A[dolphe] J[oseph]-Reinach

 

(1) Les livres X et suivants, dit C. Robert ; et il suppose que l’œuvre comprenait encore : XI, Étolie et Acarnanie ; XII, Doride, Locride ; XIII, Thessalie ; XIV, Eubée. Sans doute, il est évident que la périégèse ne serait complète qu’ainsi ; pourtant l’on peut se demander pourquoi Pausanias n’aurait pas inclus la Macédoine, ou tout au moins les îles grecques ; mais le seul indice que nous ayons de l’existence de ces livres est bien faible. A l’article Τάμυνα (ville d’Eu­bée), Stéphane de Byzance renvoie à Παυσανίας ια’. C. R. veut corriger ιδ’. Mais comment expliquer que des quatre livres ainsi supposés aucun ms. ne nous ait rien conservé ? N’est-il pas préférable d’admettre la leçon du Rhedigeranus ι ? On pourrait supposer, ou que le renvoi à Pausanias dans Stéphane est tombé de l’article Τάναγρα, ou qu’une description sommaire de l’Eubée achevait le livre X.­ Dans la 1re hypothèse, on n’aurait rien perdu ; dans la 2e, la fin seulement du dernier volumen. Pausanias ayant près de 65 ans quand il composa le livre X, il n’y a rien que de très vraisemblable à supposer qu’il n’a pu achever son œuvre.

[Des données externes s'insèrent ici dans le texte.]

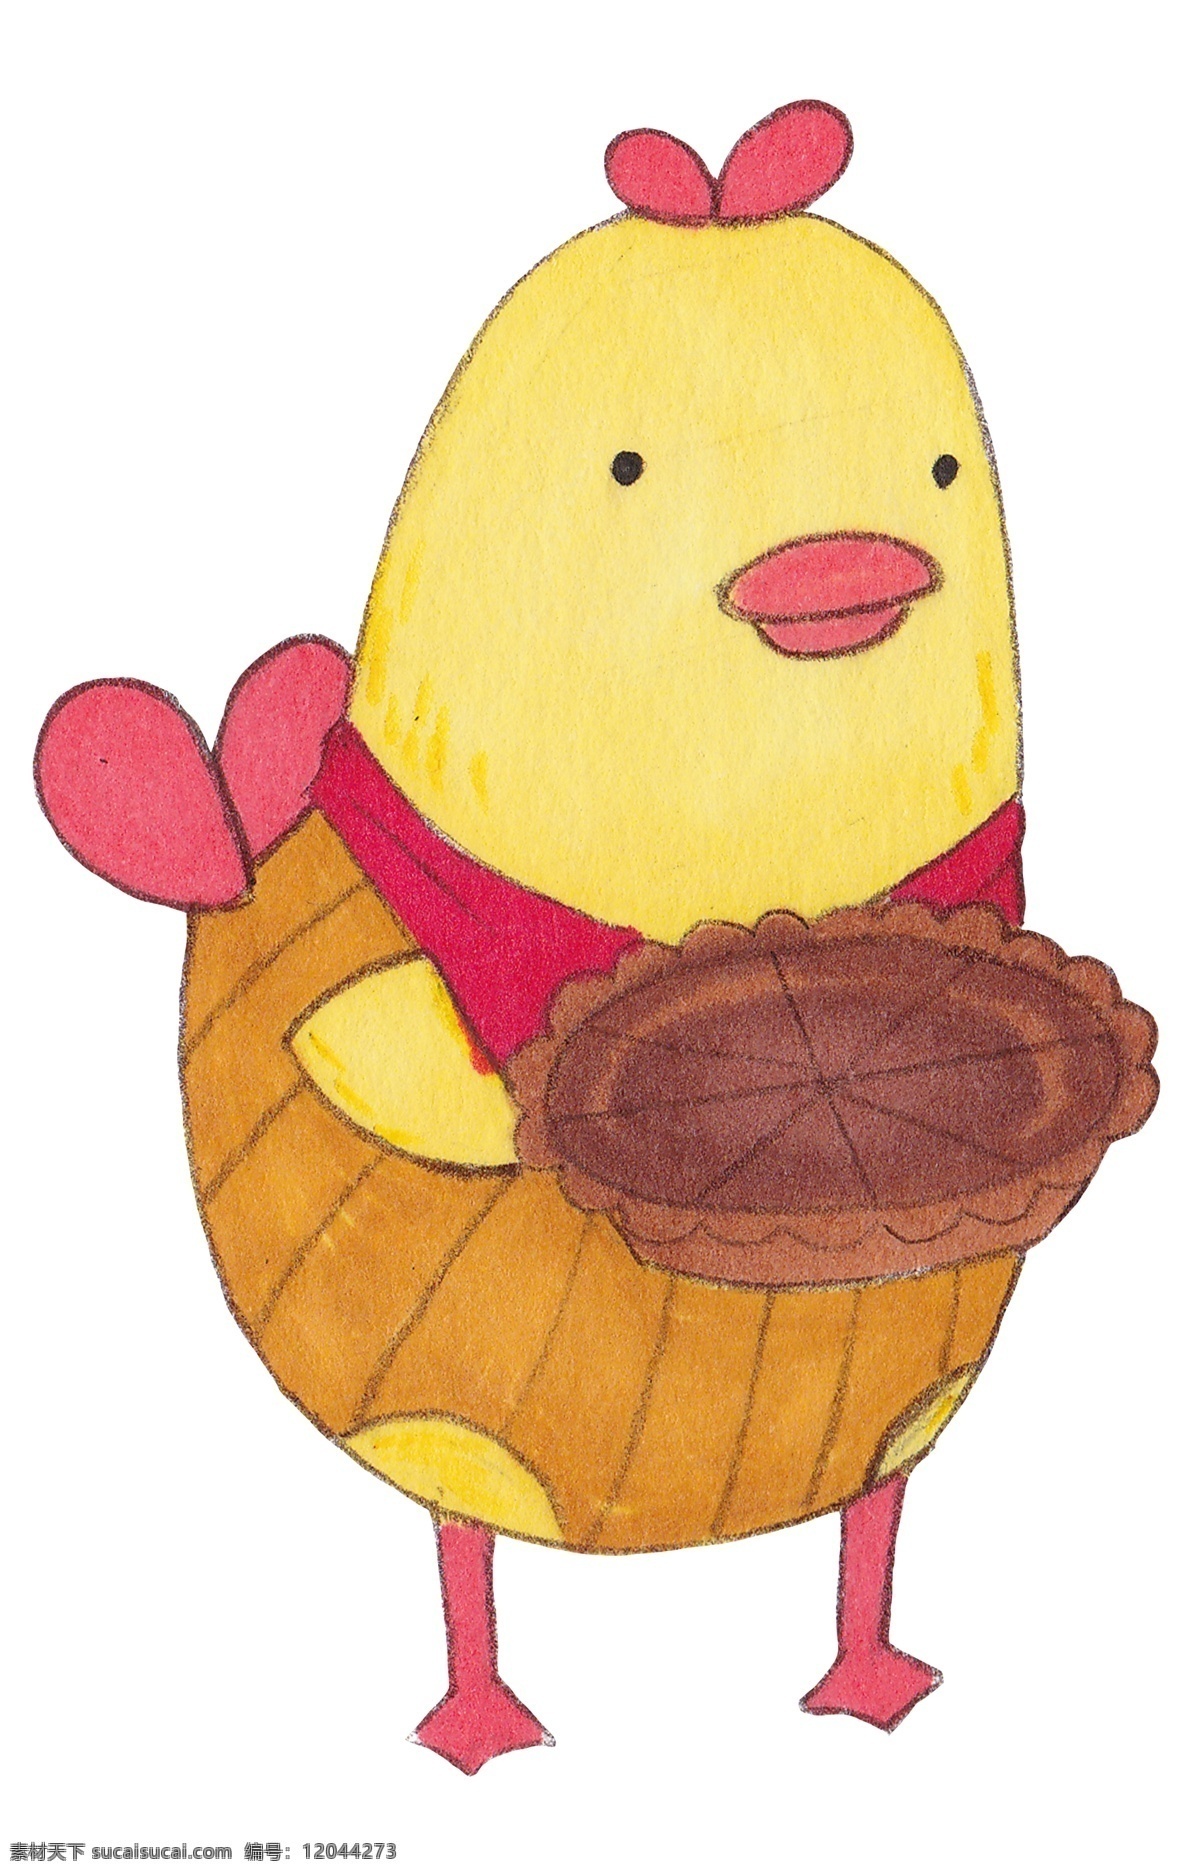 水彩 手绘 可爱 黄色 小鸡 插画 小黄鸡 鸡仔 水彩可爱小鸡 水彩手绘 可爱黄色小鸡 童话动物 小动物
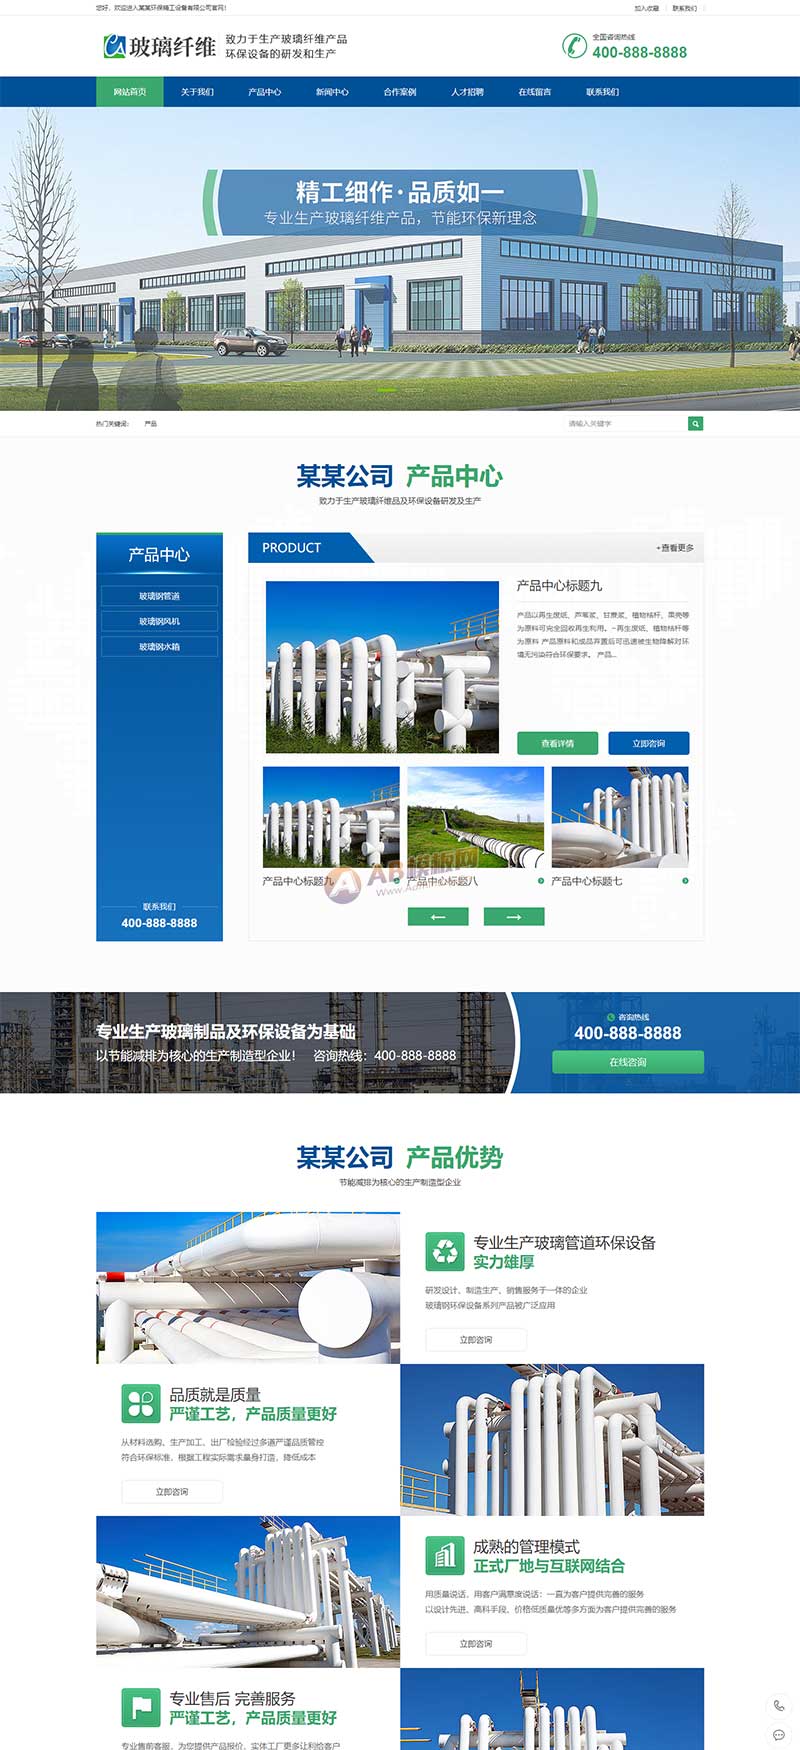 (PC+WAP)蓝色玻璃纤维制品网站 营销型环保设备

(2) Un exemple au hasard. Pausanias écrit, VII, 21, 14 : « Les femmes, à Patras, sont deux fois plus nombreuses que les hommes et s’il est des femmes à qui Aphrodite a marqué son intérêt, c’est bien celles-là. A la plupart d’entre elles, c’est le coton planté en Élide qui fournit les moyens de vivre ; elles en tirent des voiles et d’autres étoffes, etc. » C. R. veut expliquer ici l’interruption de la description topographique par le désir d’introduire « ce contraste à effet entre la licence des femmes de Patras et leur industrie » (p. 92). Mais Ἀφροδίτης μέτεστι καὶ ταύταις ne désigne pas nécessairement l’abandon aux plaisirs de Vénus ; ce n’est qu’une manière littéraire de dire que les femmes de Patras sont belles et désirables ; leur honnêteté nous est précisément garantie par la phrase qui suit ; la plupart gagnent leur vie en travaillant le coton.